Recently, I was in a hearing for a surprisingly large number of hours, and although I held my ground, I have to say, its a tough crowd in that court. Now, I am a defense attorney, so I am used to, and enjoy, being the one to try to defend, to try to justify actions, and to try to beat up the “big guy” while protecting the “little guy.” I can’t say I always win, but I give it my all. This one is different though. Its rather inside out, and there are quite a few wrinkles.
Sure, my client says may be the little guy, but when we’re talking money like these parties are, I would say I am the little guy! I can appreciate being ganged up on, and I can appreciate feeling like you have all the answers and others aren’t listening. But then, that’s why I avoid family cases. So why take this one? Well, other than the sheer number of phone calls, I felt it was important that someone inform the judge that there was a constitutional problem with the court accepting jurisdiction. Before touching the constitutional problem though, let’s talk about how to prevent this stuff. This case was prevent-able, and in fact, four years ago, the parties all denied the prevention offered.
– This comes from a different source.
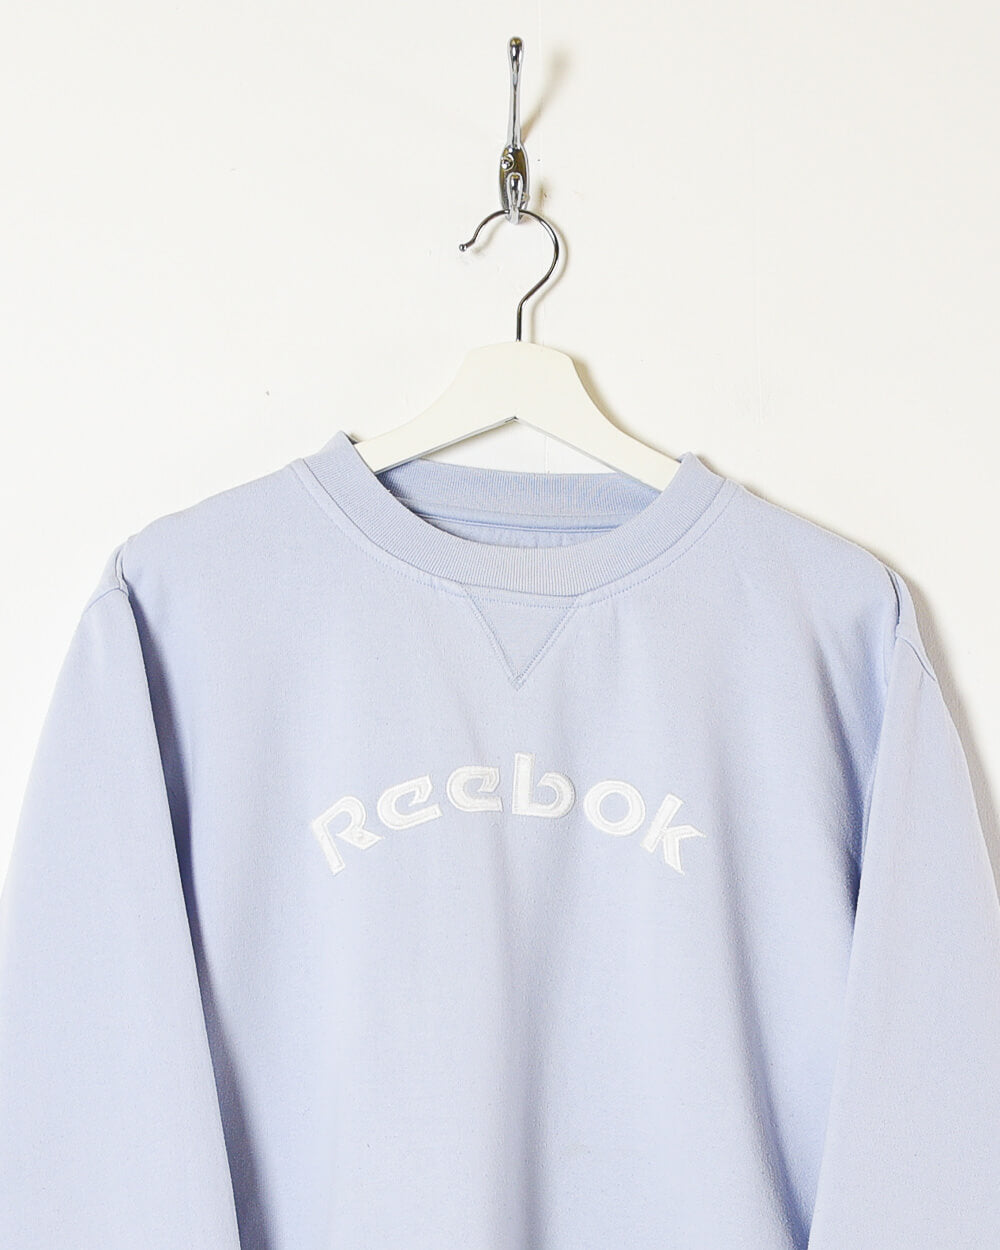 Baby Reebok Women's Sweatshirt - Large

Here’s the skinny: Person goes to family, decades ago, informs them he is a good investor (and he sure is, who else do you know who was making money on the stock market during the economic downturn?!), and takes their money to invest. No contract. No partnership papers. No incorporation. No bylaws. And no one knows where exactly the money is, other than a monthly statement promulgated by an accountant who titles it as an entity’s monthly statement.
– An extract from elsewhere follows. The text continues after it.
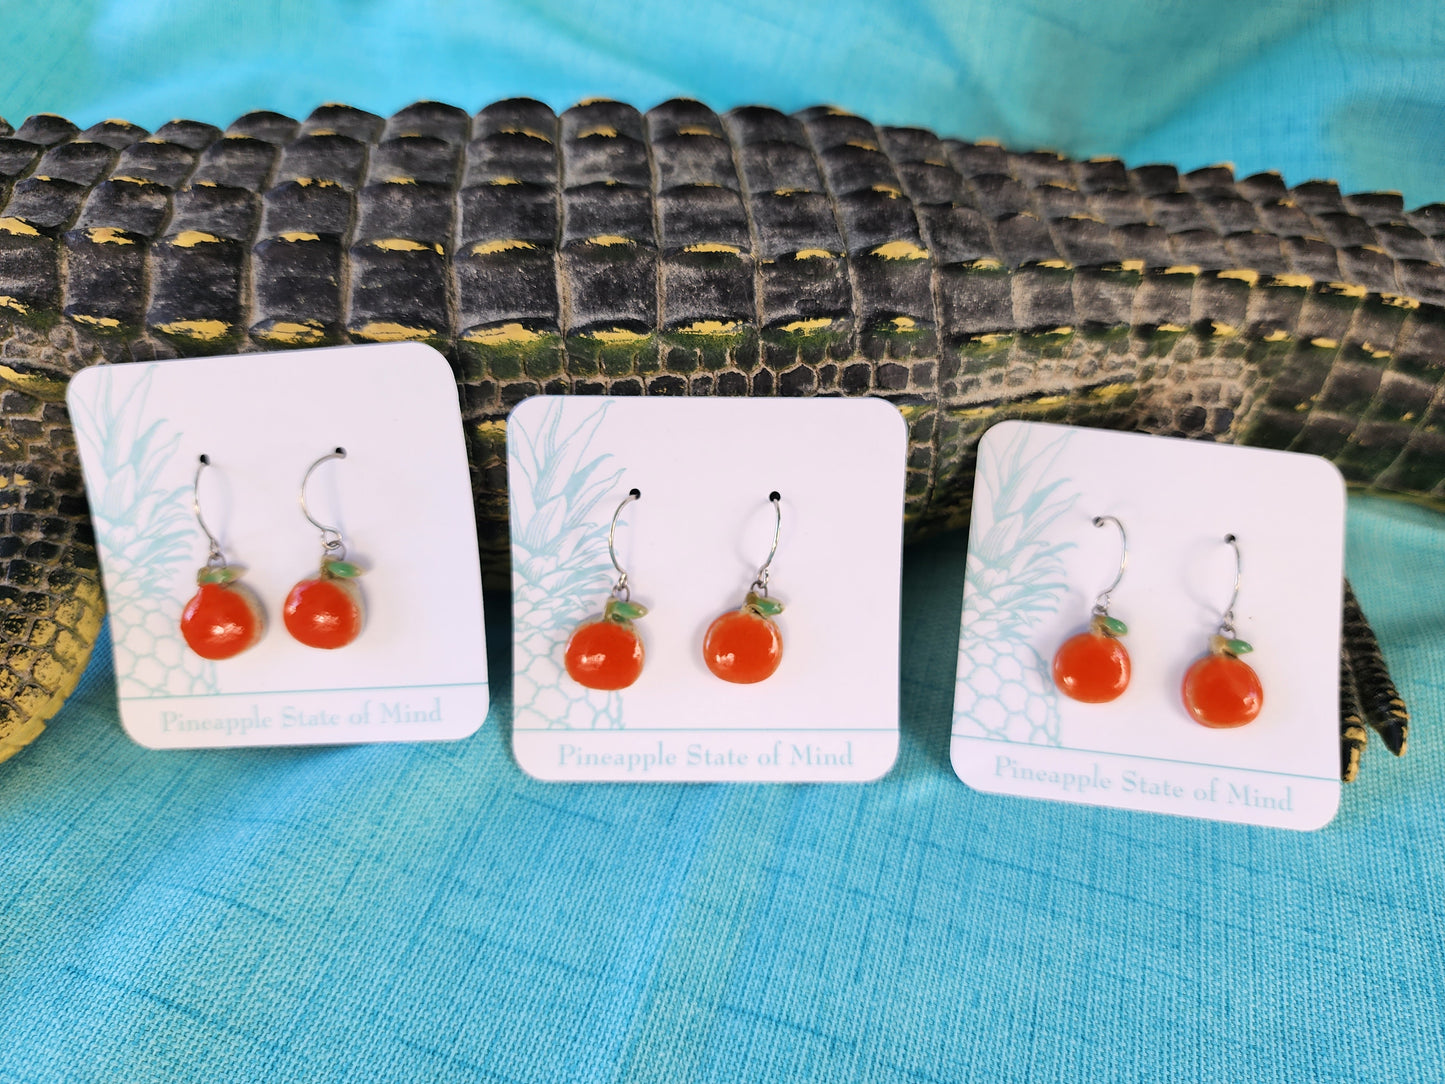 Orange Fruit Shaped Ceramic Earrings

Any of you business people out there, I hope you are shaking your heads.
As alluded to, this gentleman passes away. He knows he is going, and asks if anyone wants to shut down, but states that if they wait, they can make more. So they say: nope, let’s all wait. Still, no one knows where the money is or what investment account it is in. Oh, and did I mention that these accounts, as all good money making accounts are, are held overseas? And that the decedent was a resident of a European country?
How many tangles do you see in this case? From this post, I only want to point your attention to the problem of forming businesses without formalities. No one knows where the money is. No one knows exactly how much money there is. No one knows who owns what. And most importantly: no one knows where this can be settled, given that the “members” are from, literally, around the world.
Folks, please don’t form a business without a contract, even the most minimal one. The most minimal should define jurisdiction, accounting principals- including distribution procedure, and method for dispute resolution. Forget your issues with termination and adding in clauses of punitive damages which will be unenforceable. Don’t worry about defining the shares each person gets over time. Ignore the issue of defining how long the manager gets to be manager. Please, please, just spend the couple hundred and incorporate, and then follow the minimal contract rules stating when accounting takes place and what to do if the members disagree.
There is nothing more important than not having to hire a lawyer to stand in front of a judge to answer the question: “How am I supposed to appoint a receiver to an entity that doesn’t exist, for accounts that are unknown?” Trust me on this one question you can avoid.